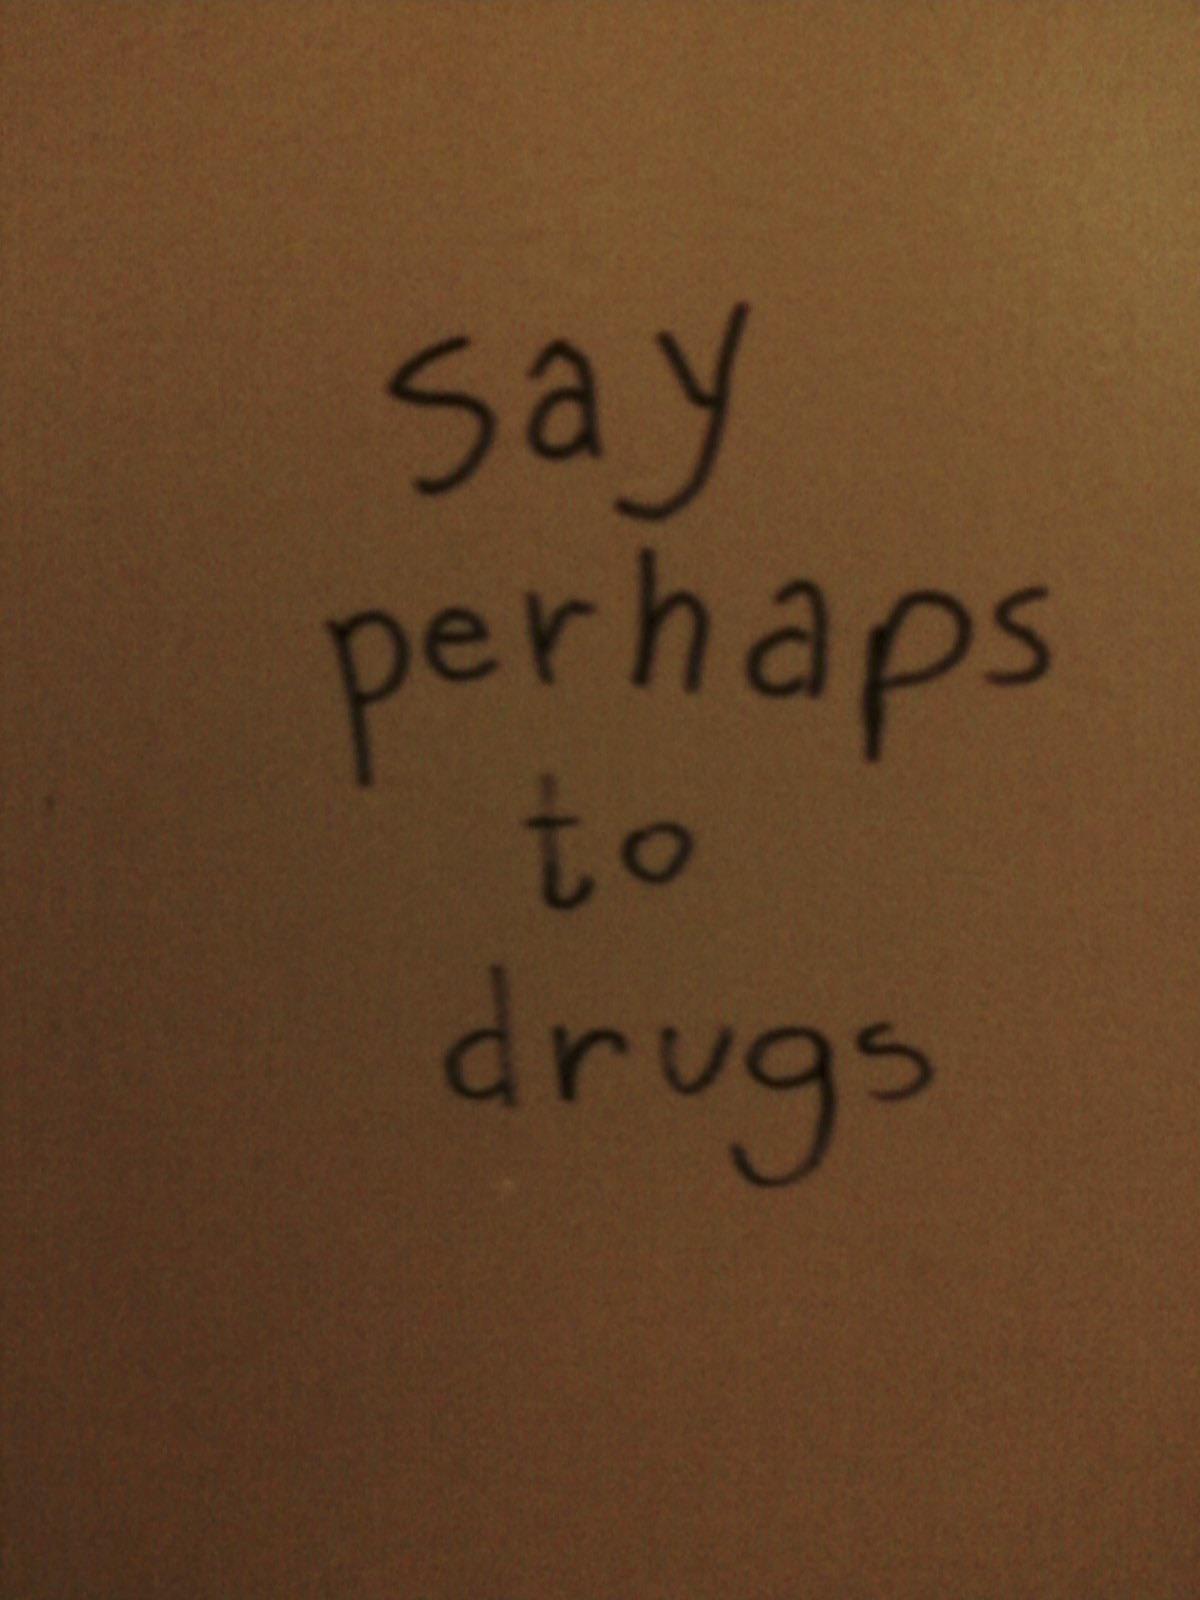 This graffiti in the girls bathroom
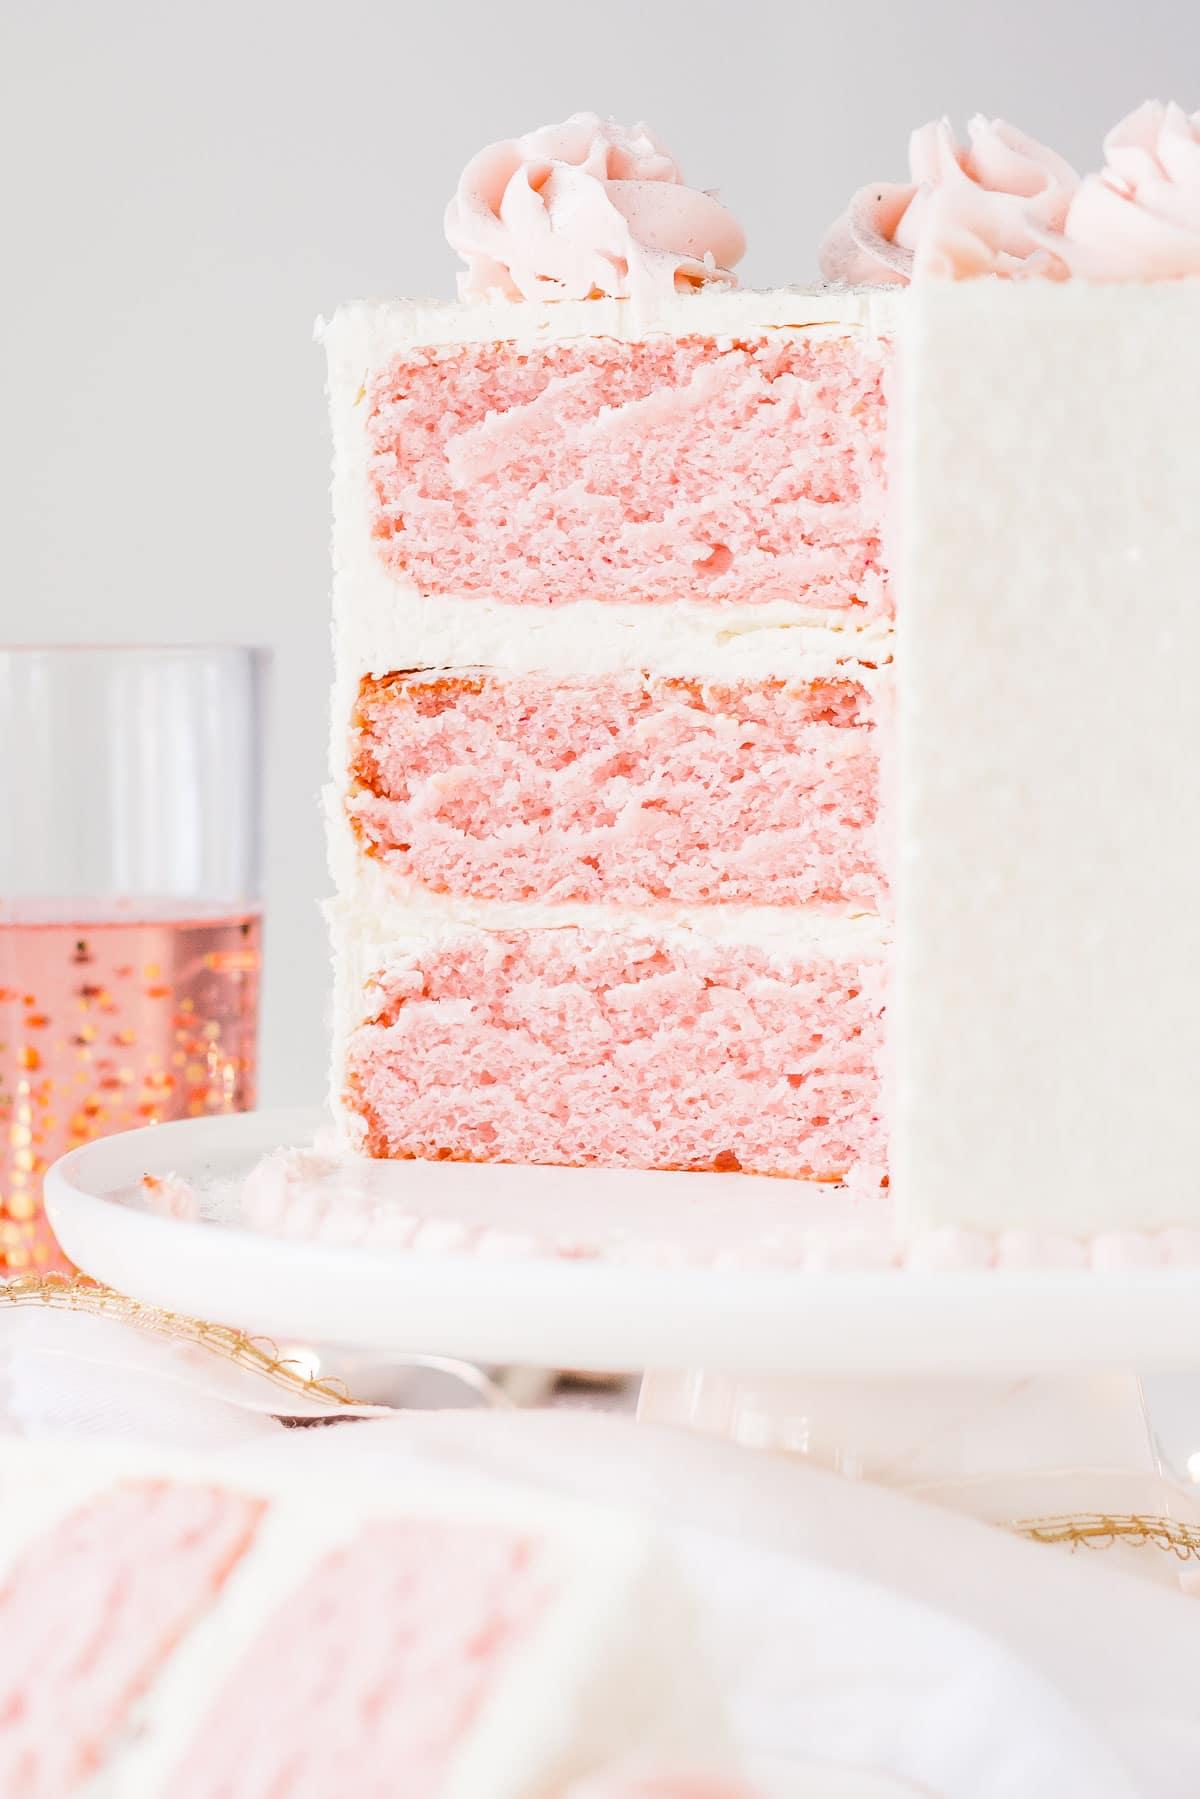 Cute Valentine's Day Cake: Pink Champagne Cake
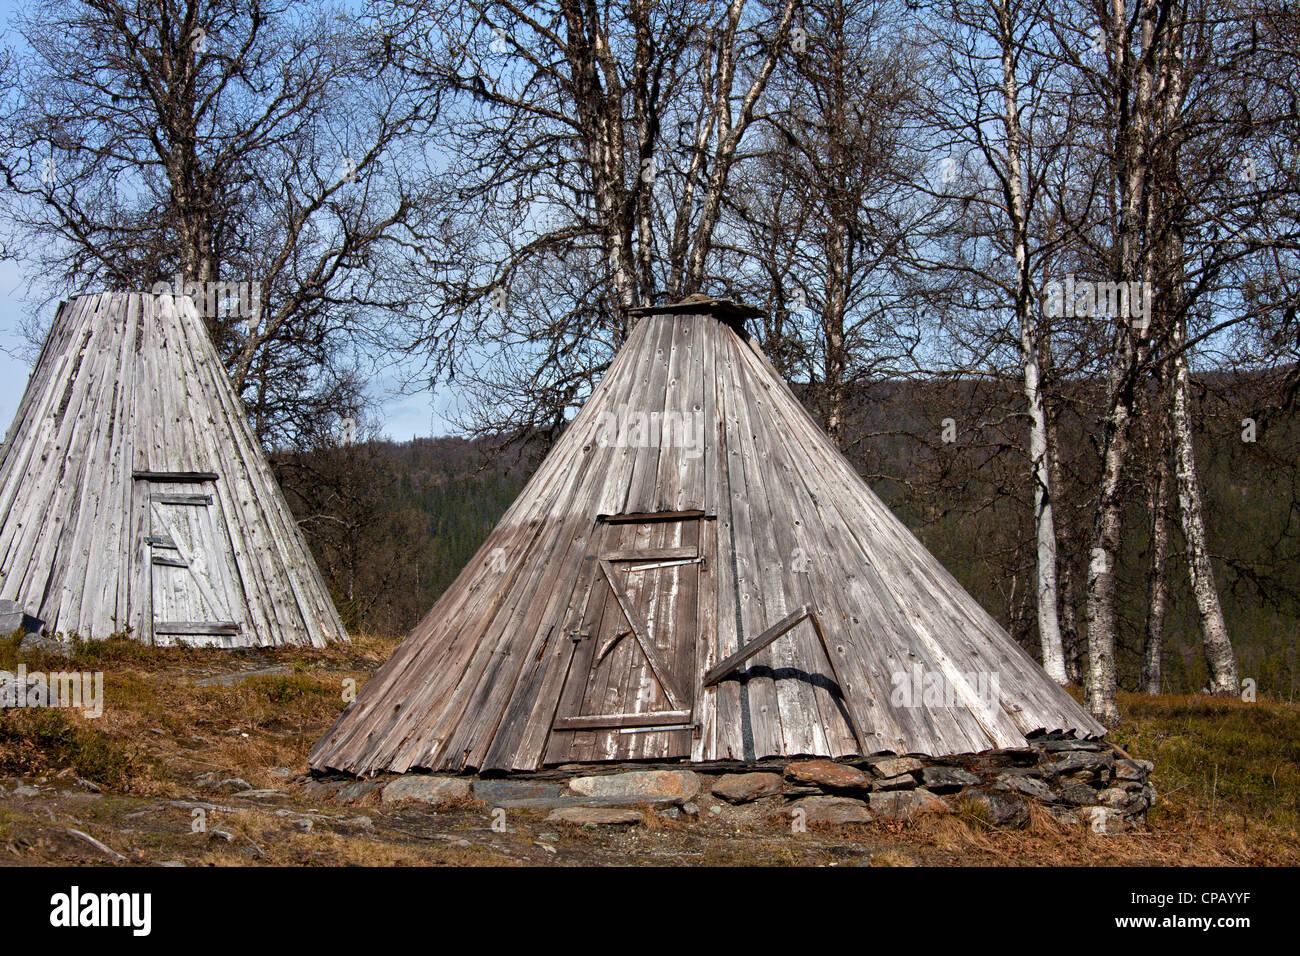 Goahti / kota, traditional Sami wooden huts on the tundra, Lapland, Sweden - Stock Image
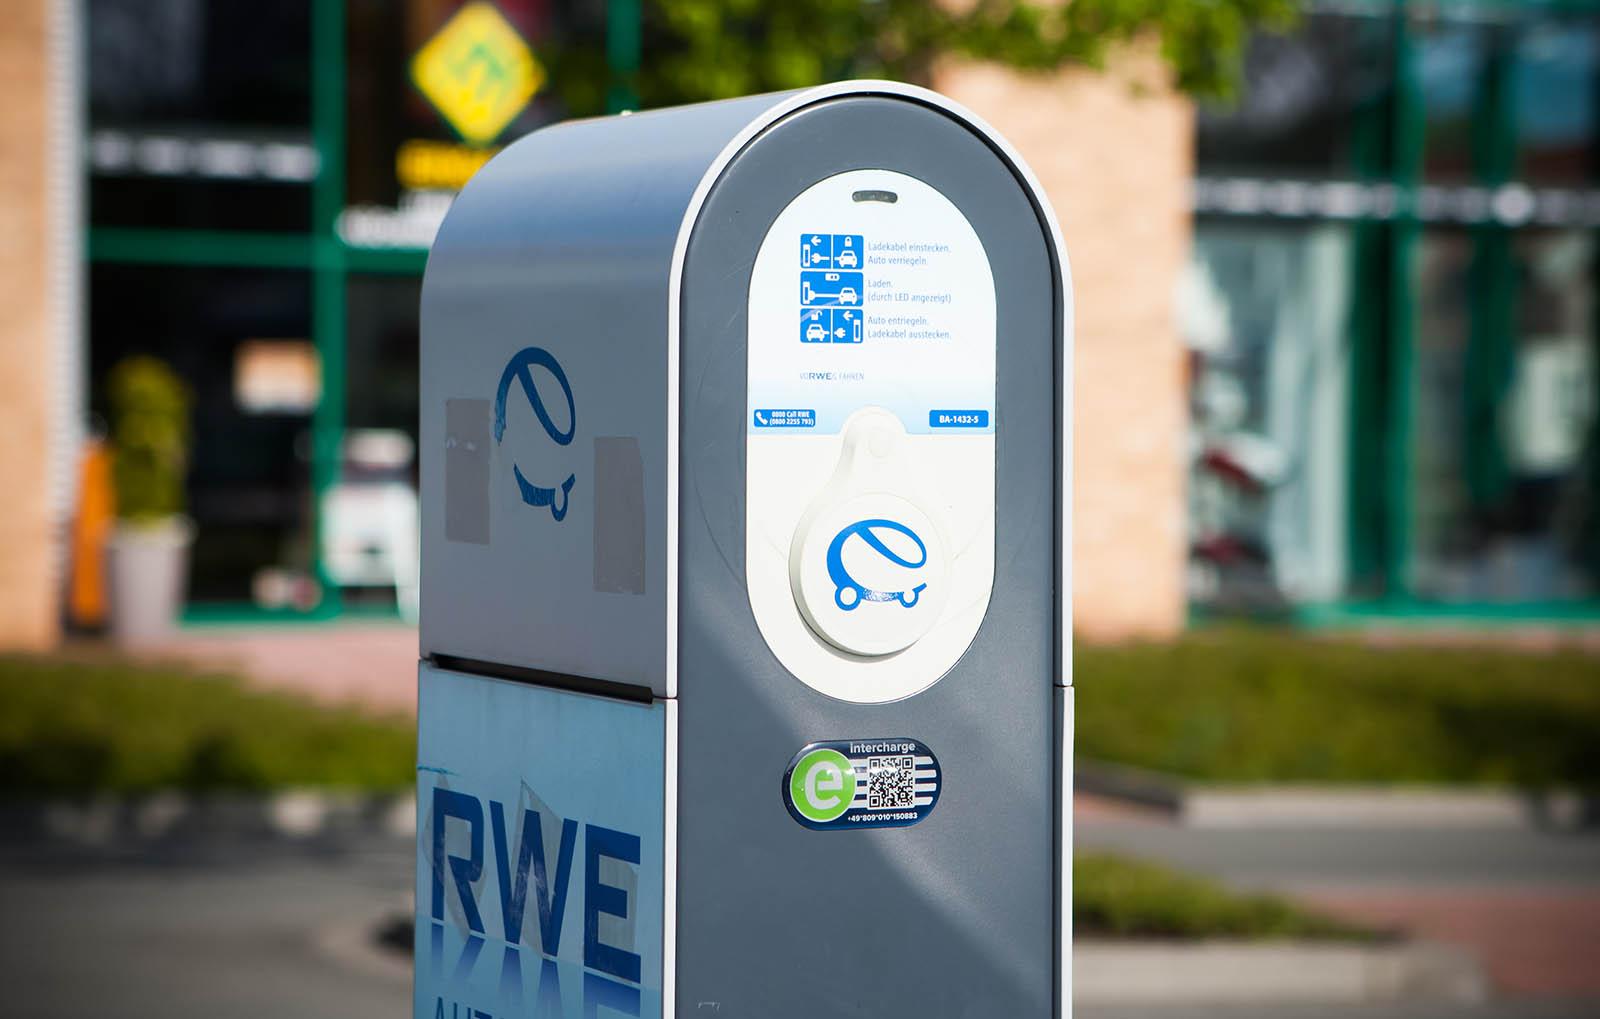 BerliiniAmsterdam-RWE-intercharge2

----

WHAT THE TASK ASKS: Take the line containing "Goahti / kota, traditional" as the first line and the last line of the data above as the final one, and output exactly the lines between them, inclusive, with no pictures.

RESPONSE FOR THIS EXERCISE:
 Goahti / kota, traditional Sami wooden huts on the tundra, Lapland, Sweden - Stock Image
 BerliiniAmsterdam-RWE-intercharge2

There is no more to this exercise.